Step 2: Trace Data Flow

> Trace data flow from PQgetvalue to SQL execution

╭─────────────── Taint Flow ────────────────────────────────╮
                                                           
  SOURCE: PQgetvalue() [Client Input]                      
                                                          
  pq_getmsgstring()                                        
                                                          
  exec_simple_query()                                      
                                                          
  pg_parse_query()                                         
                                                          
  SINK: SPI_execute() [SQL Execution]                      
                                                           
  ════════════════════════════════════════════════════     
                                                           
  Sanitization found: YES                                  
  Location: pg_parse_query() validates syntax              
  BUT: Does not prevent semantic injection                 
                                                           
  Risk Level: HIGH                                         
  Recommendation: Add input validation at entry point      
                                                           
╰───────────────────────────────────────────────────────────╯

> Does user input reach strcpy without validation?

> Show path from socket read to memory allocation

Step 3: Find Sanitization

> Where is input sanitized before query execution?

╭─────────────── Sanitization Points ───────────────────────╮
                                                           
  Identified sanitizers:                                   
                                                           
  1. quote_identifier()                                    
     Location: src/backend/utils/adt/ruleutils.c:10234     
     Purpose: Escape SQL identifiers                       
     Coverage: Partial - not always used                   
                                                           
  2. quote_literal()                                       
     Location: src/backend/utils/adt/quote.c:45            
     Purpose: Escape SQL literals                          
     Coverage: Good - widely used                          
                                                           
  3. pg_parse_query()                                      
     Location: src/backend/tcop/postgres.c:645             
     Purpose: Syntax validation                            
     Coverage: All queries                                 
                                                           
  Missing sanitization at:                                 
    - Dynamic table name construction (12 locations)       
    - Format string building (5 locations)                 
                                                           
╰───────────────────────────────────────────────────────────╯

> Find all validation functions in authentication

D3FEND Source Code Hardening

Scenario: Security engineer checking defensive coding practices using MITRE D3FEND framework.

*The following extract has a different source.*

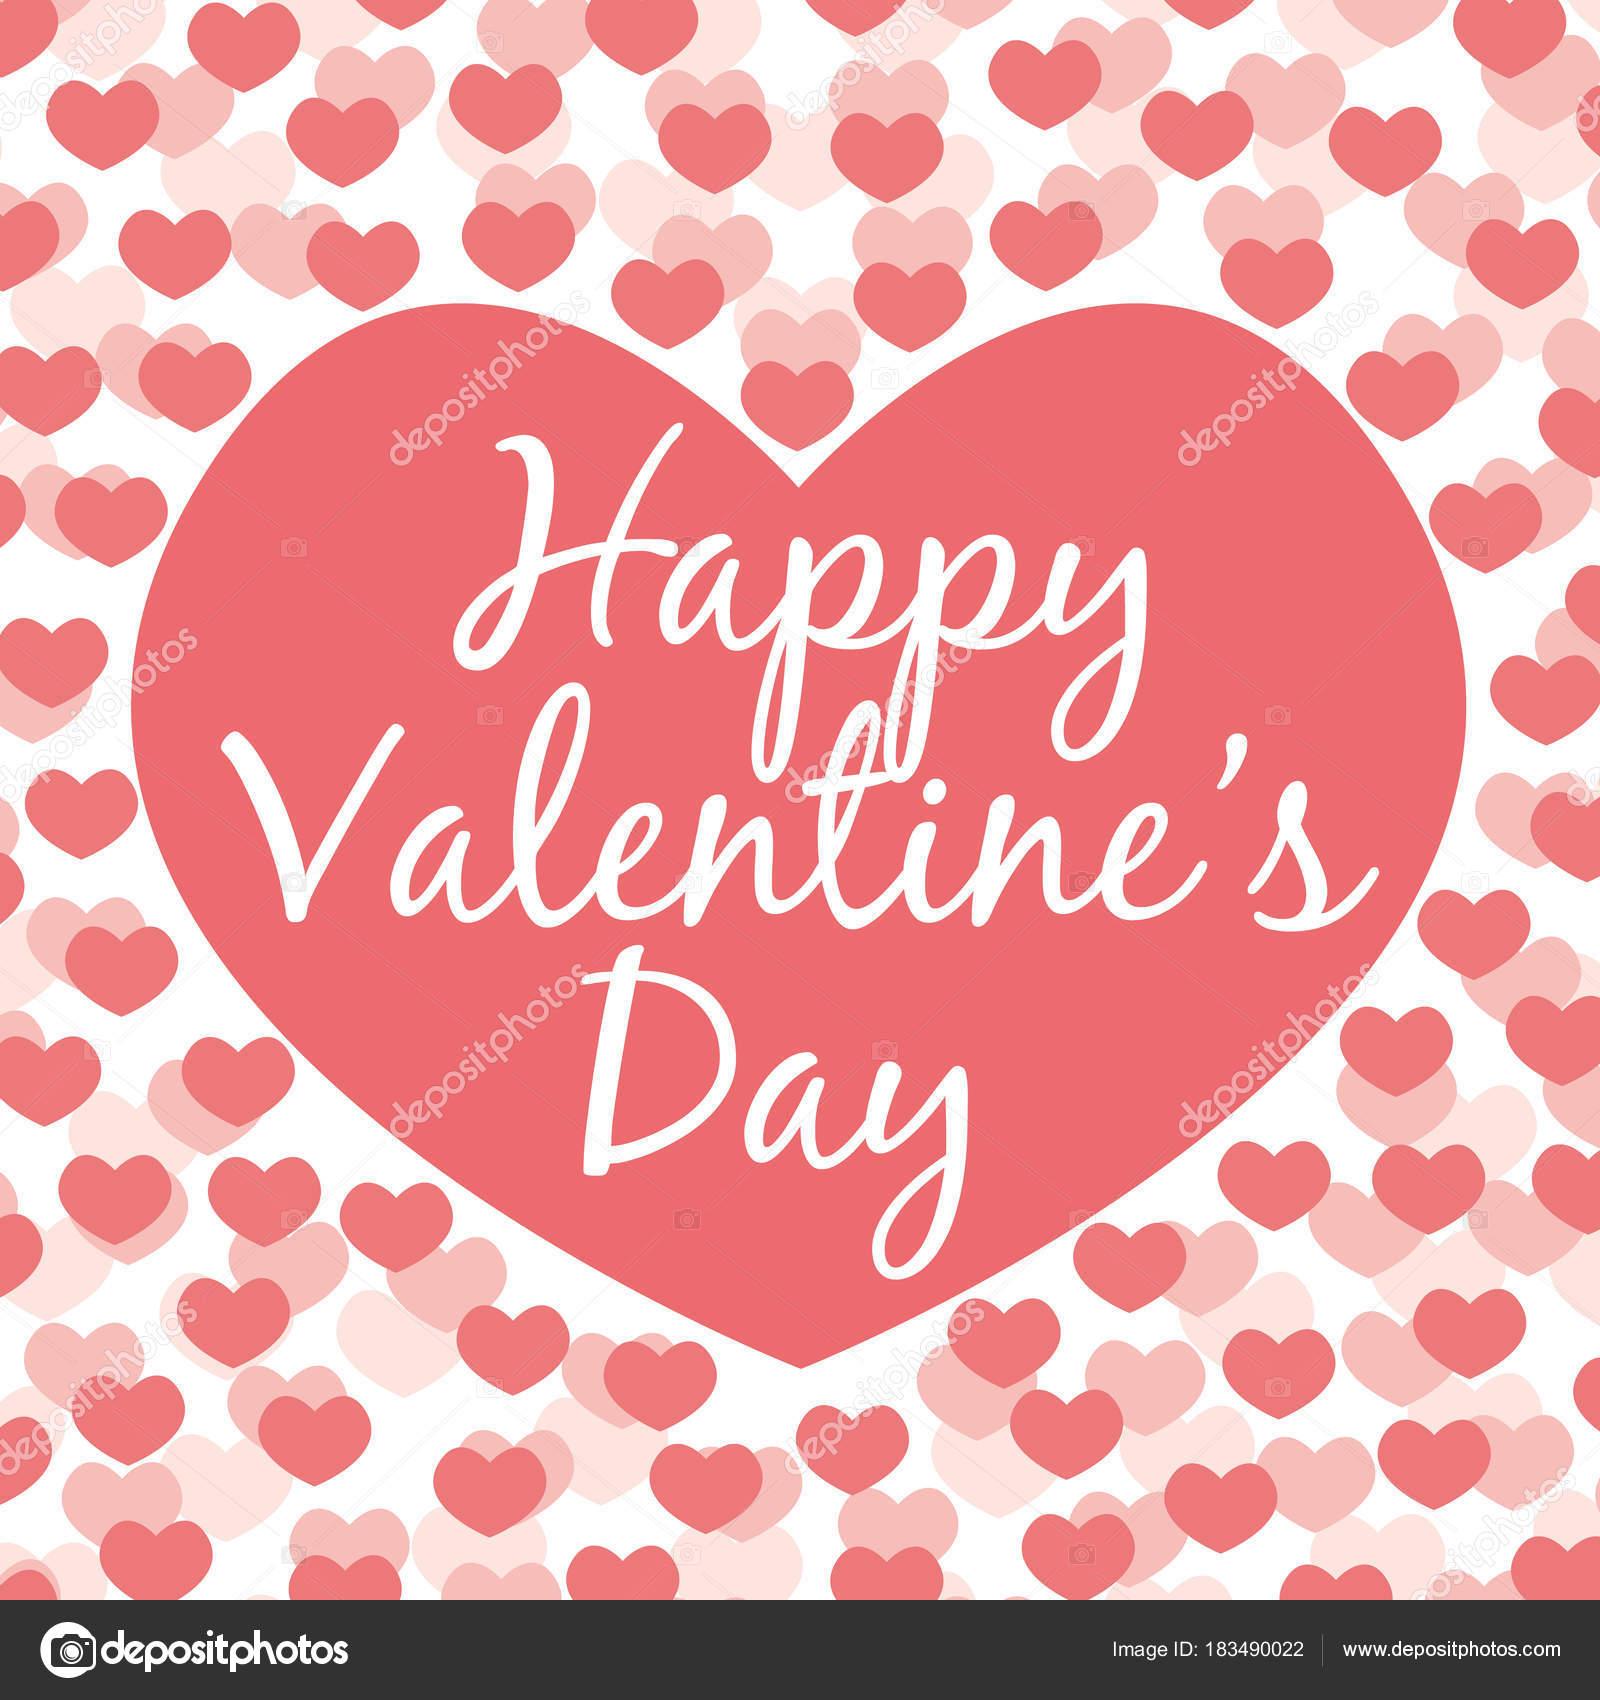 Descargar feliz dia san valentin feliz d a san valent n tarjeta felicitaci n vector tonos - Cartas de san valentin en ingles ...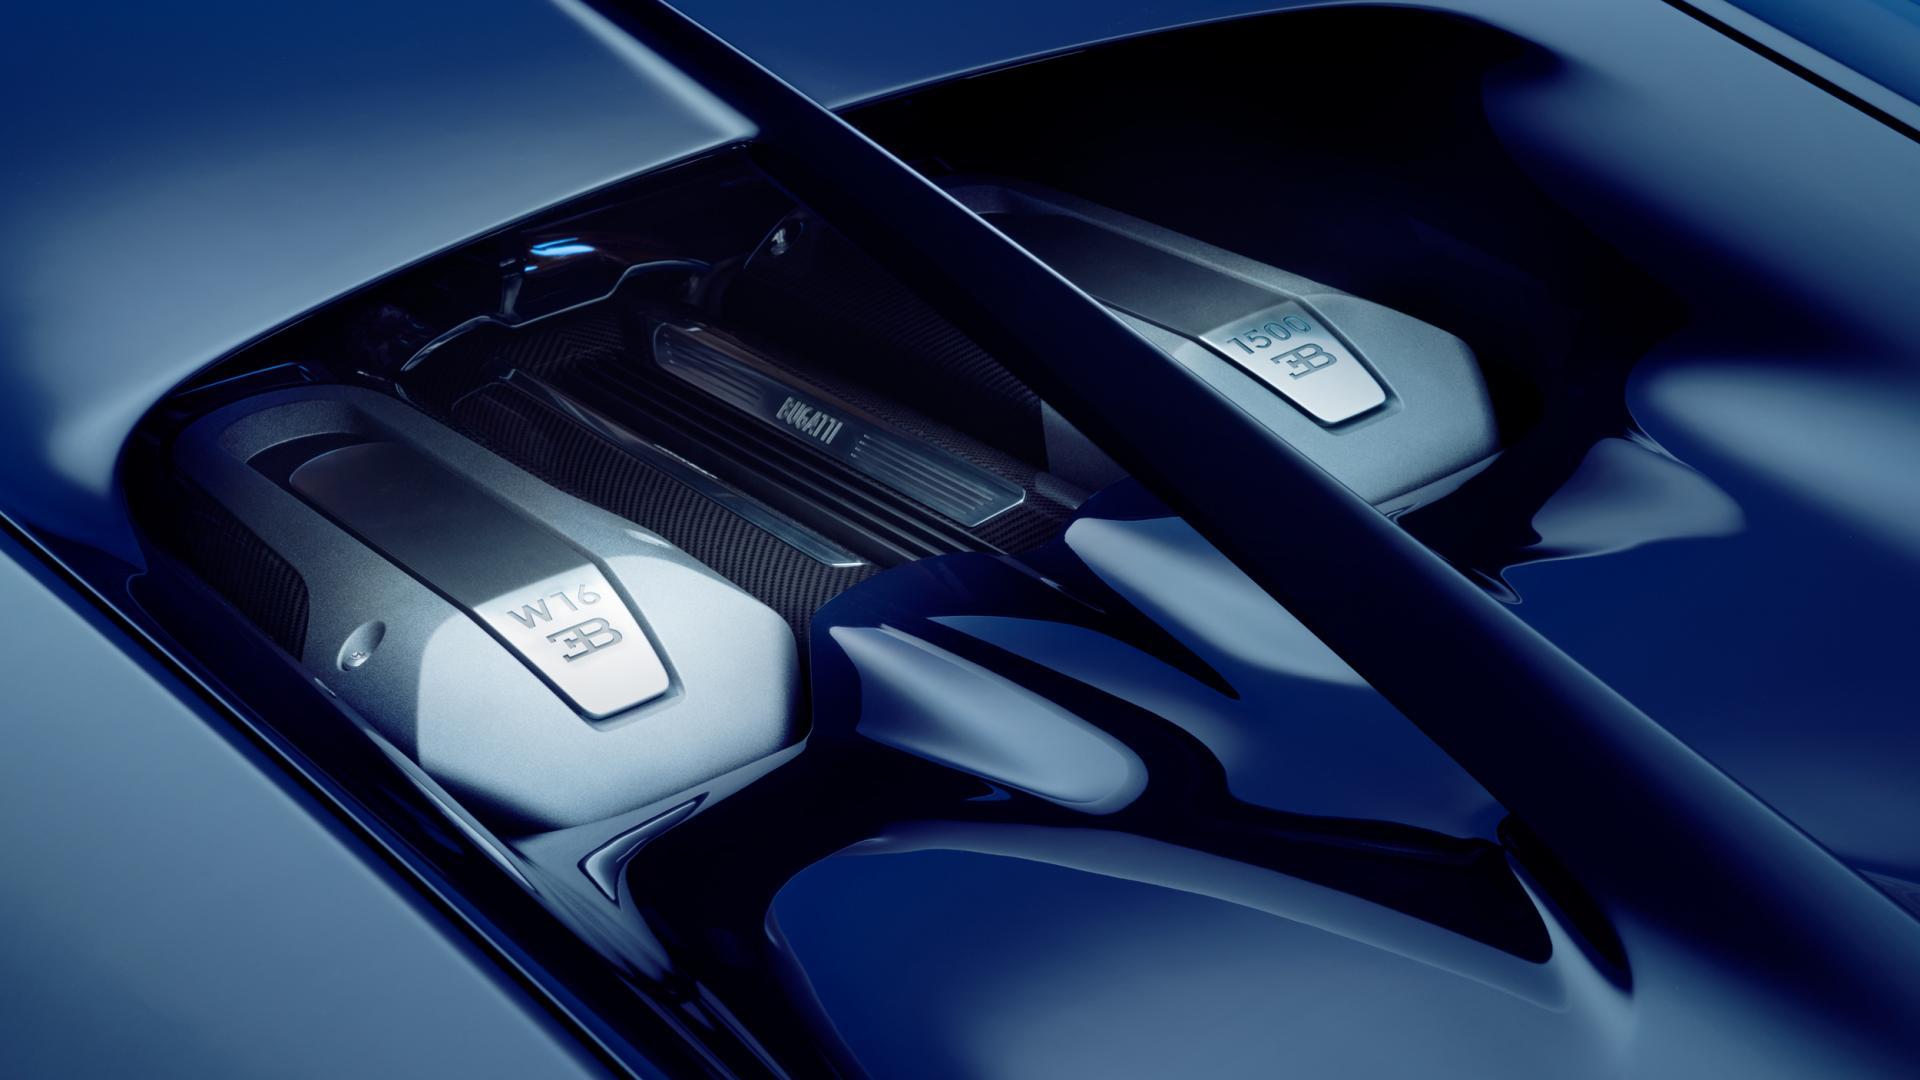 bugatti-chiron-08-1.thumb.jpg.98888fa8882318697bc5ab27ddd27c4a.jpg

The D3FEND module analyzes code for 11 Source Code Hardening techniques defined by MITRE:

ID Technique Description CWE
D3-VI Variable Initialization Uninitialized variables CWE-457
D3-CS Credential Scrubbing Hardcoded credentials CWE-798
D3-IRV Integer Range Validation Integer overflow risks CWE-190
D3-PV Pointer Validation Pointer dereference without check CWE-476
D3-RN Reference Nullification Use-after-free risks CWE-416
D3-TL Trusted Library Unsafe function usage CWE-676
D3-VTV Variable Type Validation Type confusion CWE-704
D3-MBSV Memory Block Start Validation Buffer bounds CWE-119
D3-NPC Null Pointer Checking Missing NULL checks CWE-476
D3-DLV Domain Logic Validation Business logic errors CWE-20
D3-OLV Operational Logic Validation State management CWE-754

Use Case 1: Full Hardening Audit

/select 02

> Run D3FEND hardening compliance check

╭─────────────── D3FEND Compliance Report ─────────────────────╮
                                                               
  Overall Compliance Score: 72.5%                              
                                                               
  ═══════════════════════════════════════════════════════════  
                                                               
  Findings by Technique:                                       
                                                               
  D3-VI (Variable Initialization): 23 issues                   
  ───────────────────────────────────────                      
    - palloc without palloc0: 15 locations                     
    - Uninitialized struct members: 8 locations                
                                                               
  D3-TL (Trusted Library): 12 issues                           
  ────────────────────────────────────                         
    🔴 strcpy usage: src/backend/utils/adt/varlena.c:234       
    🔴 sprintf usage: src/backend/libpq/auth.c:567             
    🟡 strtok usage: src/backend/parser/gram.c:1234            
                                                               
  D3-NPC (Null Pointer Checking): 8 issues                     
  ─────────────────────────────────────────                    
    - malloc without NULL check: 5 locations                   
    - palloc without assertion: 3 locations                    
                                                               
  D3-RN (Reference Nullification): 6 issues                    
  ──────────────────────────────────────────                   
    - pfree without ptr = NULL: 6 locations                    
                                                               
  Category Scores:                                             
    Initialization: 65%                                        
    Memory Safety: 78%                                         
    Pointer Safety: 82%                                        
    Library Safety: 58%                                        
                                                               
╰───────────────────────────────────────────────────────────────╯

Use Case 2: Check Specific D3FEND Techniques

> Check for unsafe function usage (D3-TL Trusted Library)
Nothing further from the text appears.